Label Data Source After Data Migration

Note:
This topic has been translated from a Chinese forum by GPT and might contain errors.

Original topic: 数据迁移后标注数据来源

| username: TiDBer_QHSxuEa1

Excuse me, everyone. I want to add a marker to check the data source after migrating the data, so that it is easy to know where the data comes from. Currently, the approach I am considering is to add a field to the table, and after the migration is complete, perform an update operation on this field, such as update table set data_source='migrated data'. This method works fine for a single table, but is it still suitable if there are many tables? Is there a better way?

| username: Miracle | Original post link

If each row needs to be marked, it can only be achieved by adding a field, right?

| username: 春风十里 | Original post link

Add a field, such as data source, and insert it directly during migration or update it later.

| username: zhanggame1 | Original post link

There is no better way.

| username: okenJiang | Original post link

Actually, there is, but it is not mentioned in the documentation (not sure why).

You can refer to this test example for usage: tiflow/dm/tests/extend_column/conf/dm-task.yaml at master · pingcap/tiflow · GitHub

Here is the issue: Distinguish data source when merge shared tables with no shared key · Issue #3340 · pingcap/tiflow · GitHub

| username: andone | Original post link

Add a field with a default value.

| username: Kongdom | Original post link

:yum: Add a field, and then modify the default value of this field before each migration. Not sure which is faster compared to update.

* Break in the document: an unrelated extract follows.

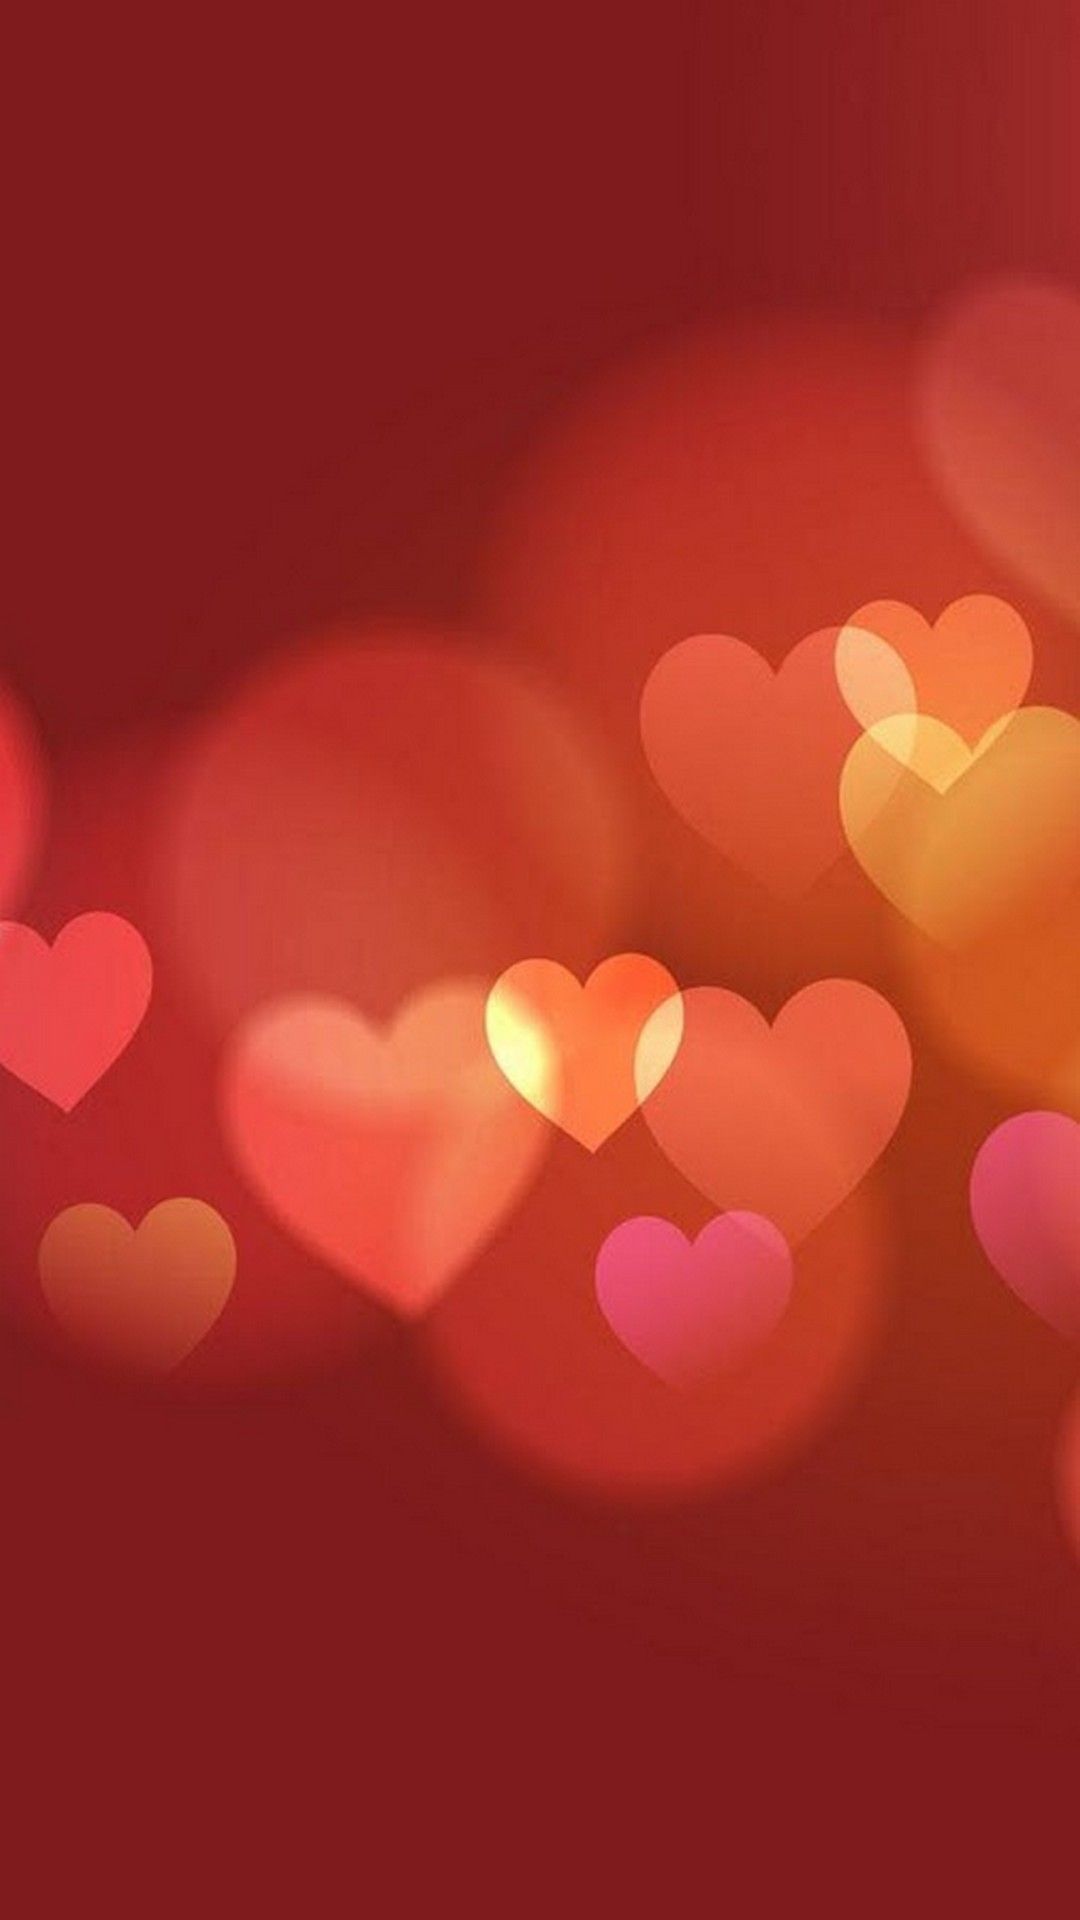 Những hình nền đáng yêu với chủ đề Valentine sẽ làm cho màn hình điện thoại hay máy tính của bạn trở nên đáng yêu hơn. Với sự kết hợp tinh tế giữa hình ảnh đáng yêu và gam màu hồng tạo nên sự dễ thương và tình cảm. Hãy tải ngay những hình nền này để trang trí cho màn hình của bạn trở nên sinh động và vui tươi hơn.

| username: Jolyne | Original post link

We are adding a timestamp here to uniformly record the migration time.

| username: come_true | Original post link

Adding a timestamp is fine.

| username: Kongdom | Original post link

:yum: There’s another method: rename the table after each migration, with one table per data source, which is similar to sharding. Renaming should be particularly fast. Use views for querying.

| username: tidb菜鸟一只 | Original post link

Wouldn’t it be faster to add a comment to the table?

| username: 小龙虾爱大龙虾 | Original post link

The data in different rows of the original poster’s table come from different sources.

| username: tidb菜鸟一只 | Original post link

For the same table, add a field to mark the data source based on different data sources. It depends on the tool. If it’s Kafka or Kettle, you can add a separate column to set the corresponding value for migration. If it’s DM or CDC, it probably isn’t supported at the moment. Using update might be the least efficient; it would be better to set a default value instead…

| username: dba远航 | Original post link

The path during backup can include the name of the source.